# [YOUR OBJECTIVE]
With the pictures left out, print exactly the lines below that run from the one containing "Campus Town Hall" through the one containing "Cineworld has filed for administration.".

# [RECORD SET]

*** Begin section ***

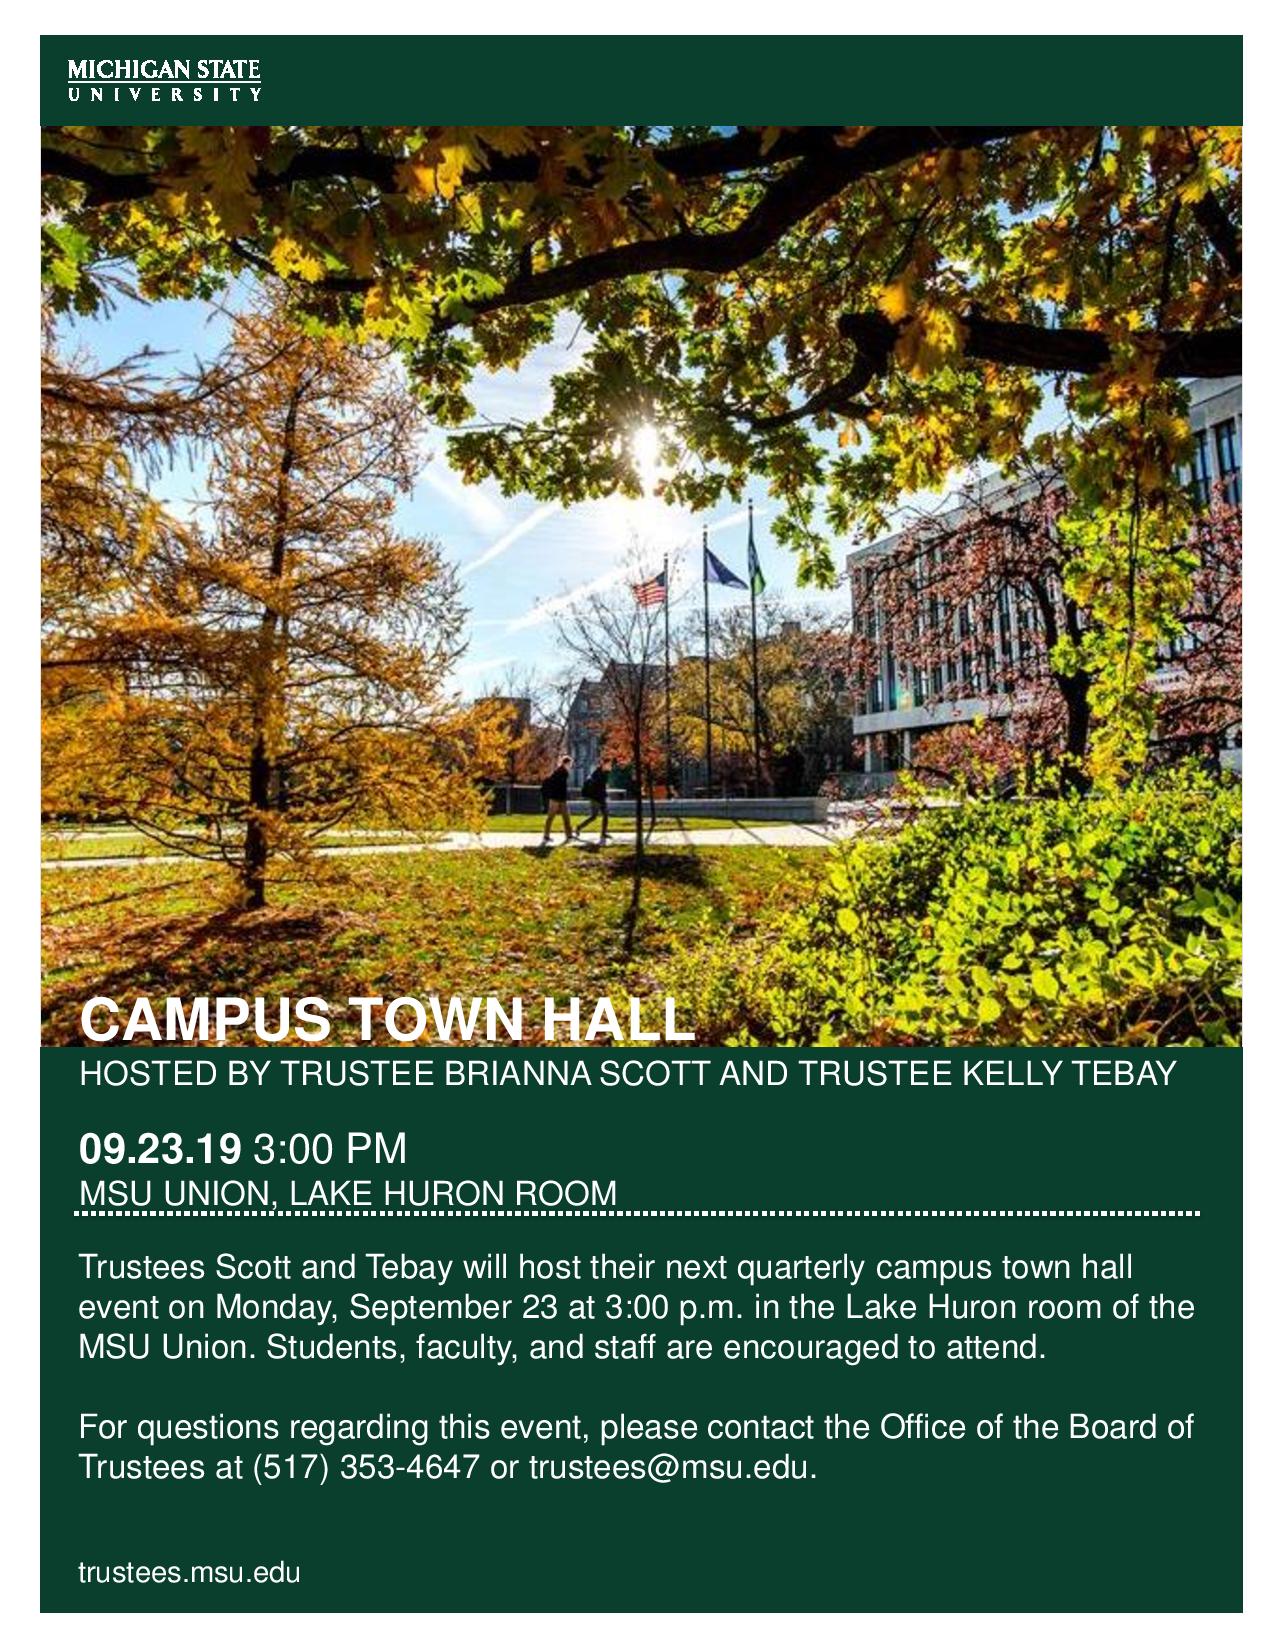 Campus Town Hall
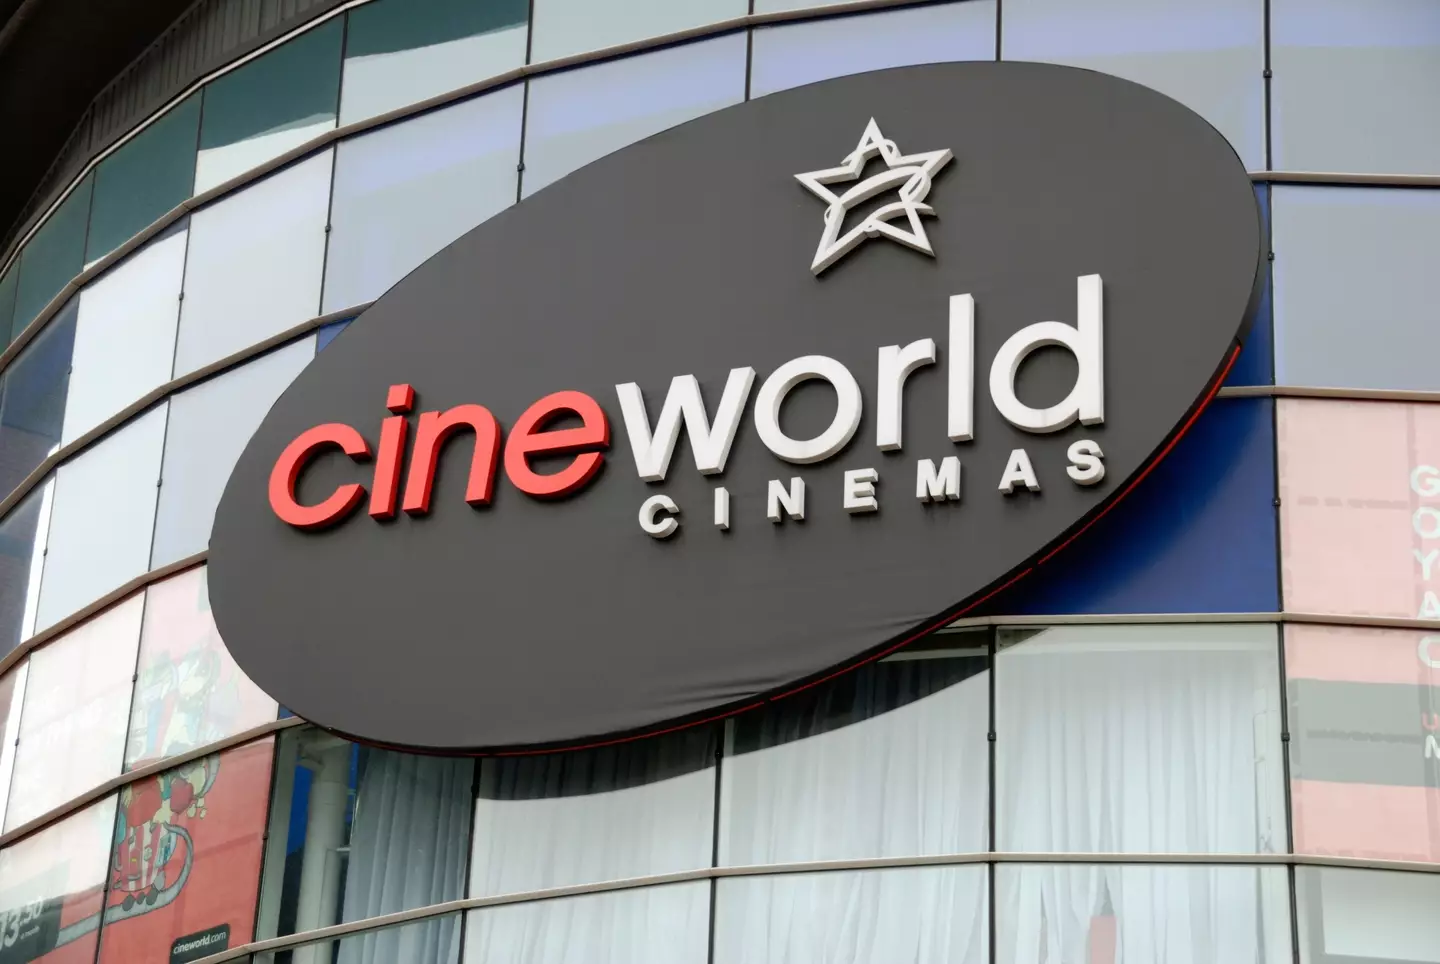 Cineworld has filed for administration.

*** End section ***
*** Begin section ***

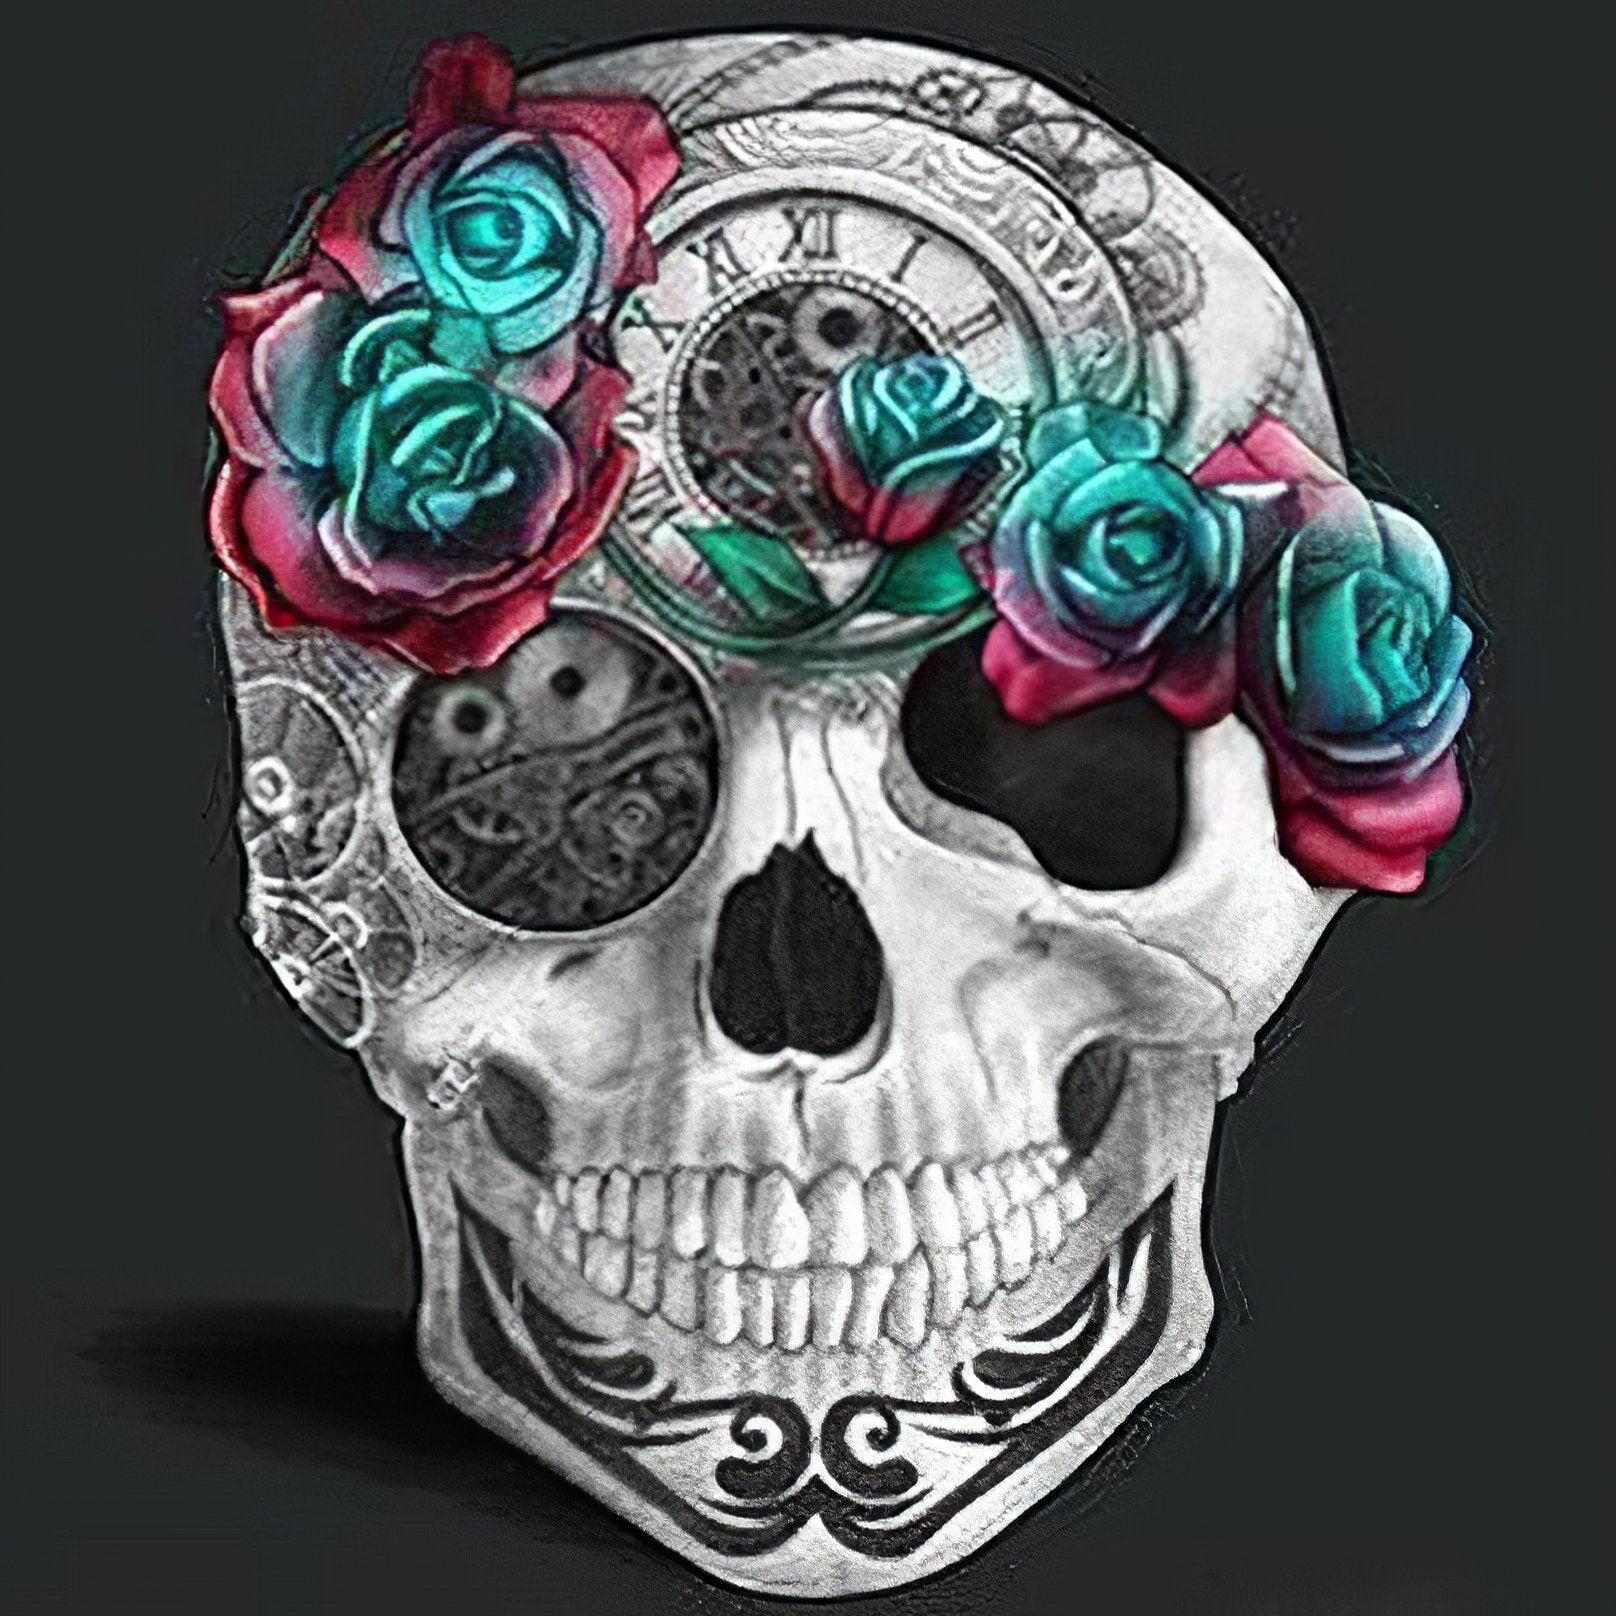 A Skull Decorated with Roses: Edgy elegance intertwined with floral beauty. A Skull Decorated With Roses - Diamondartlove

*** End section ***

# [ANSWER SECTION]
 Campus Town Hall
 Cineworld has filed for administration.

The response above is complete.